■ TASK TO CARRY OUT ■
Every entry is to be restated exactly; pictures are not part of the copy.

(Items listed in a dataset)
________________
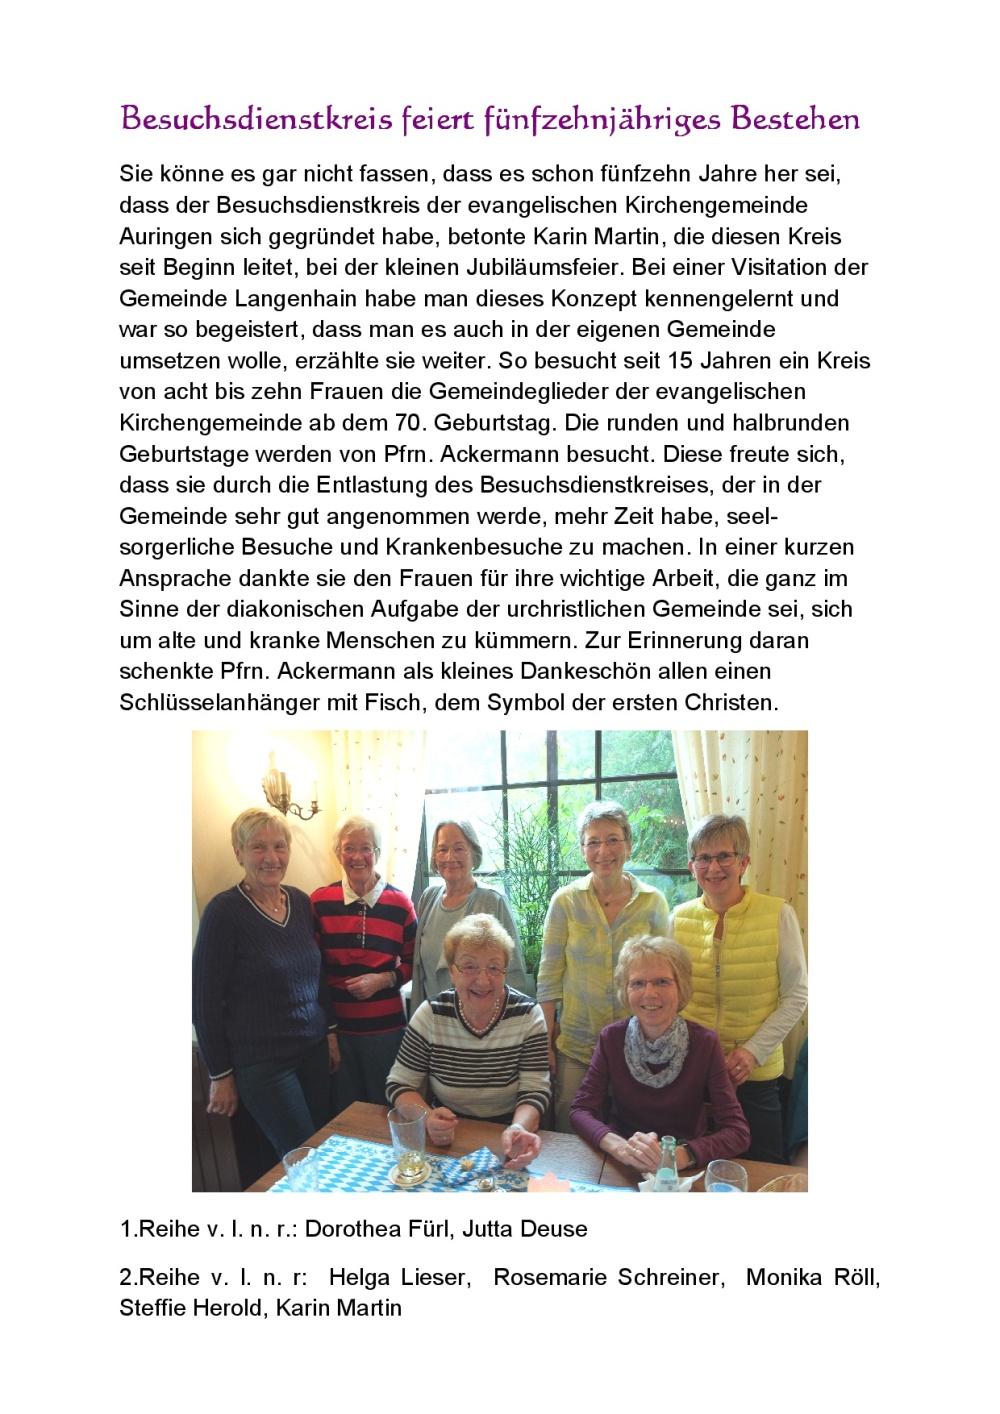 2015-09-25 15jähriges Bestehen Besuchsdienstkreis-001
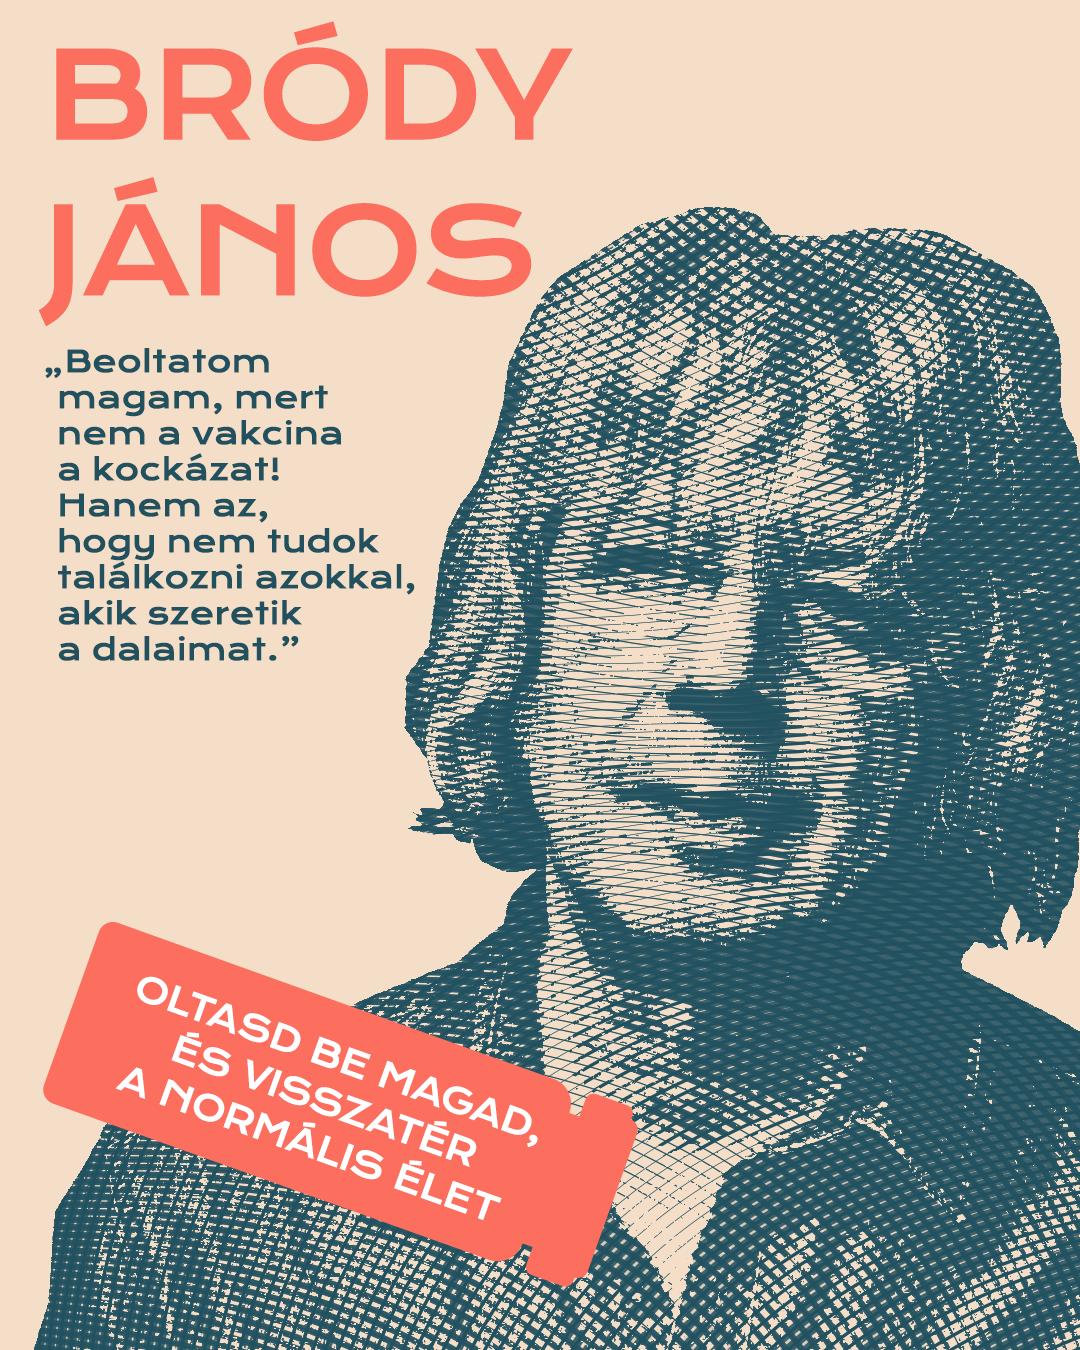 Bródi János
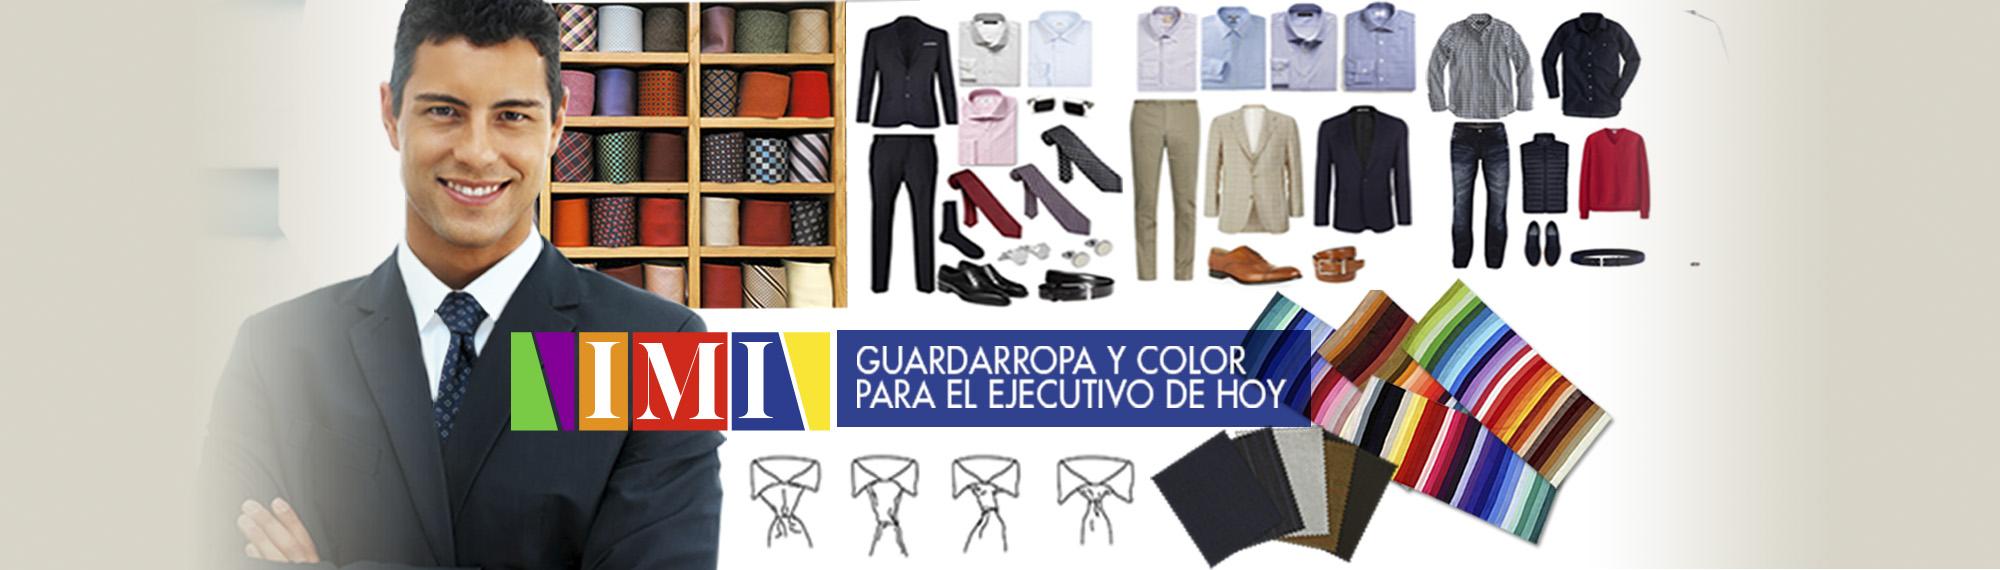 guardarropa-y-color-para-el-ejecutivo-de-hy3
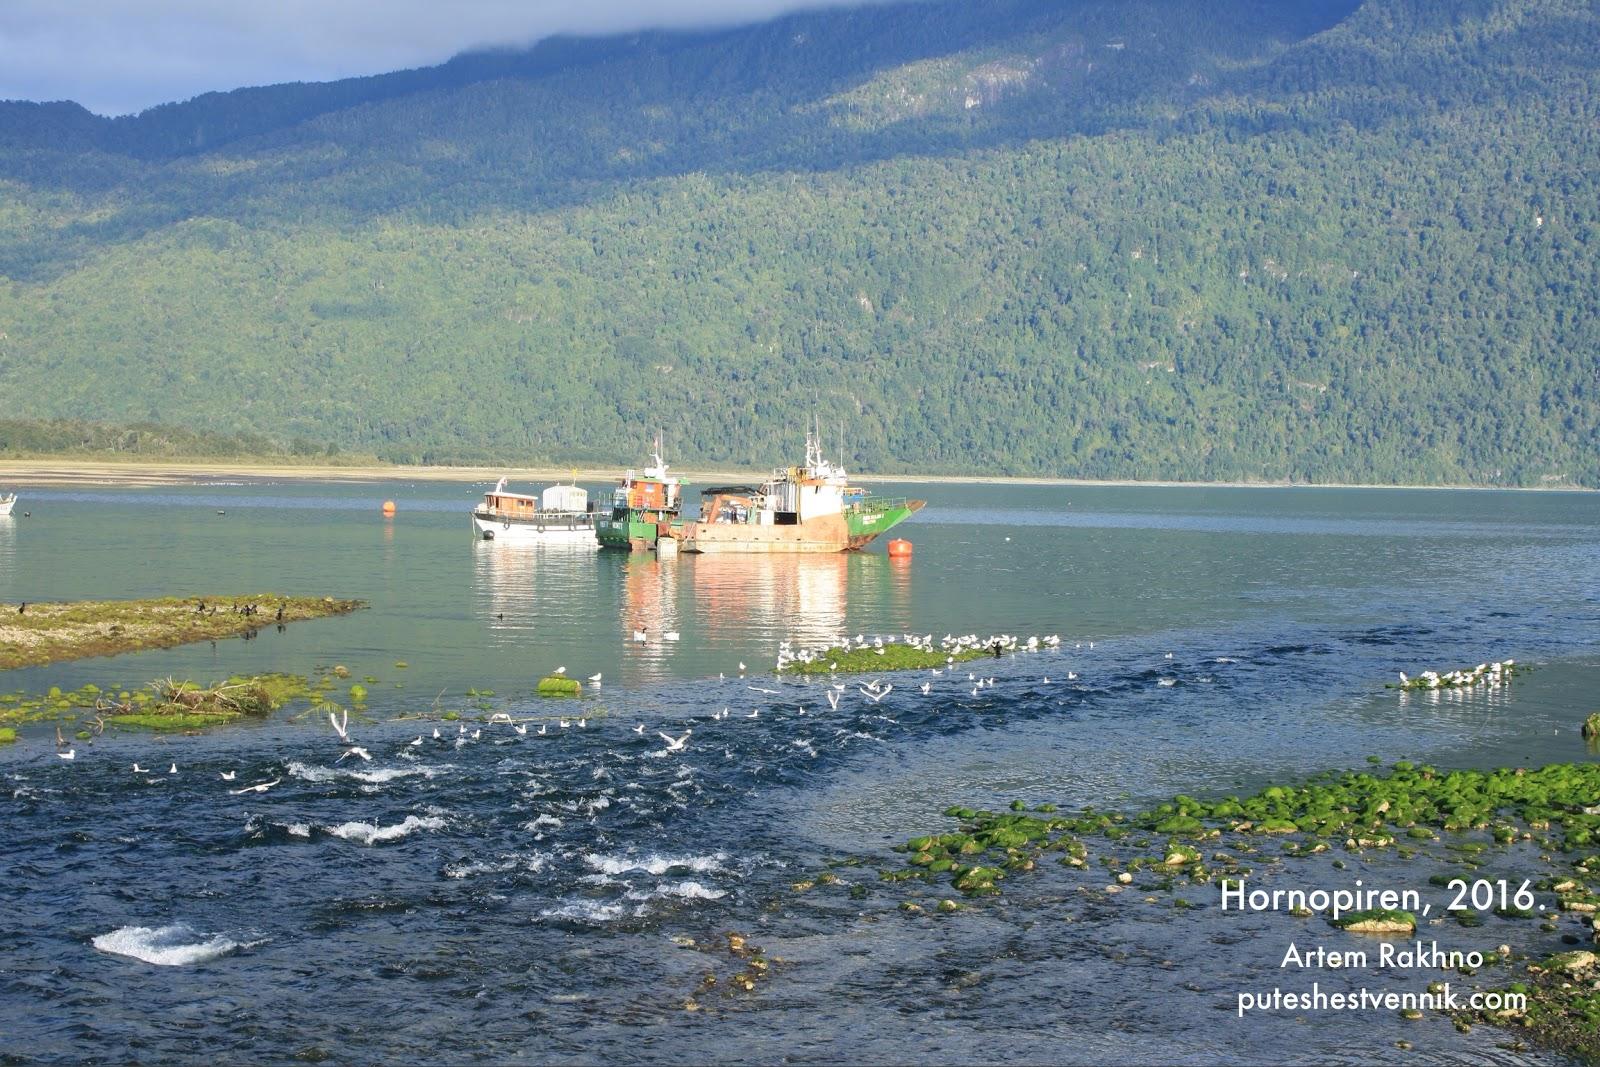 Устье реки и чайки в Чили
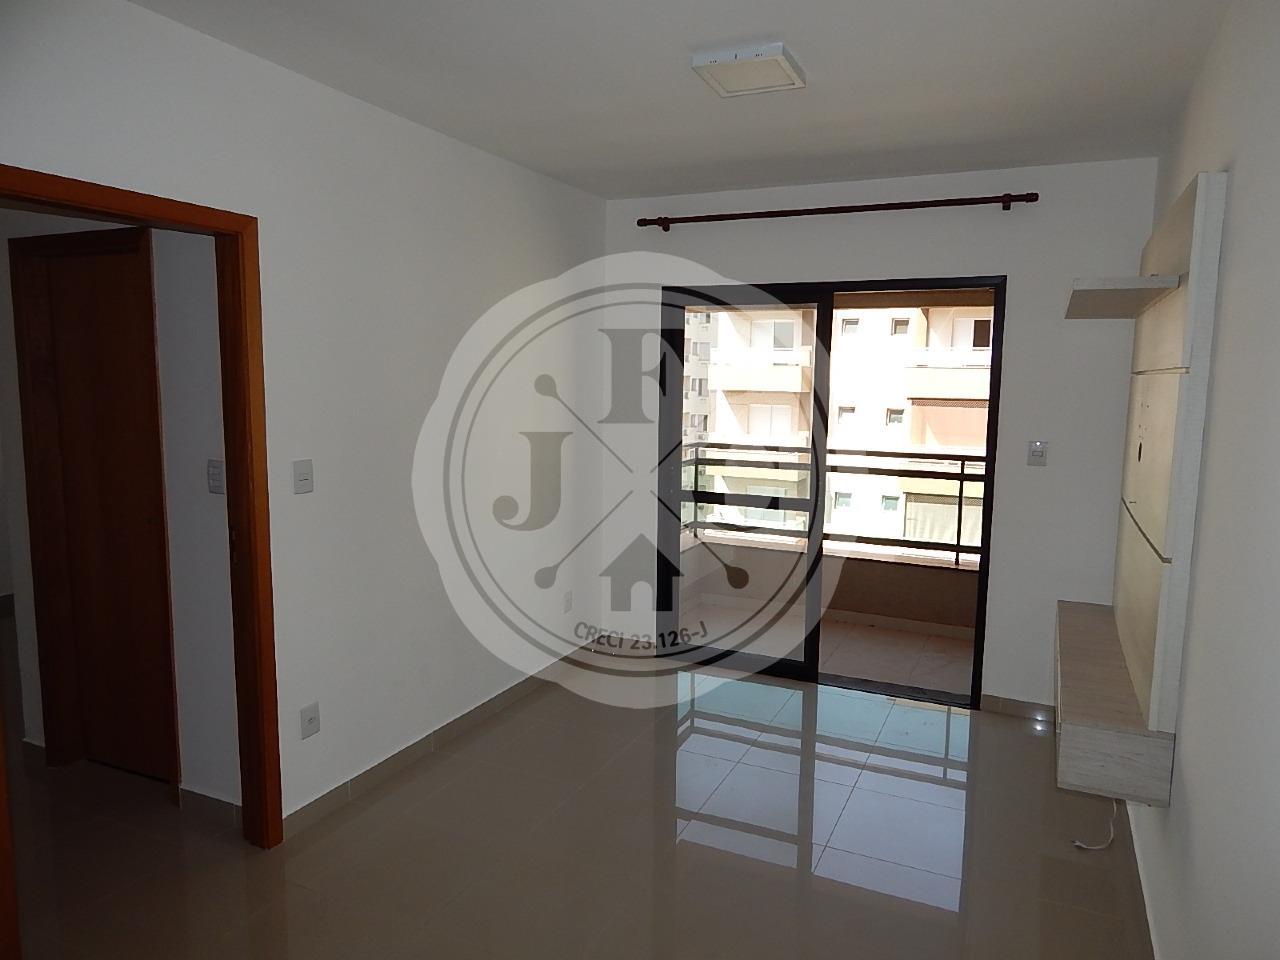 Apartamento para locação com 44m², 1 suíte no bairro Nova Aliança.
________________
■ YOUR RESPONSE ■
 2015-09-25 15jähriges Bestehen Besuchsdienstkreis-001
 Bródi János
 guardarropa-y-color-para-el-ejecutivo-de-hy3
 Устье реки и чайки в Чили
 Apartamento para locação com 44m², 1 suíte no bairro Nova Aliança.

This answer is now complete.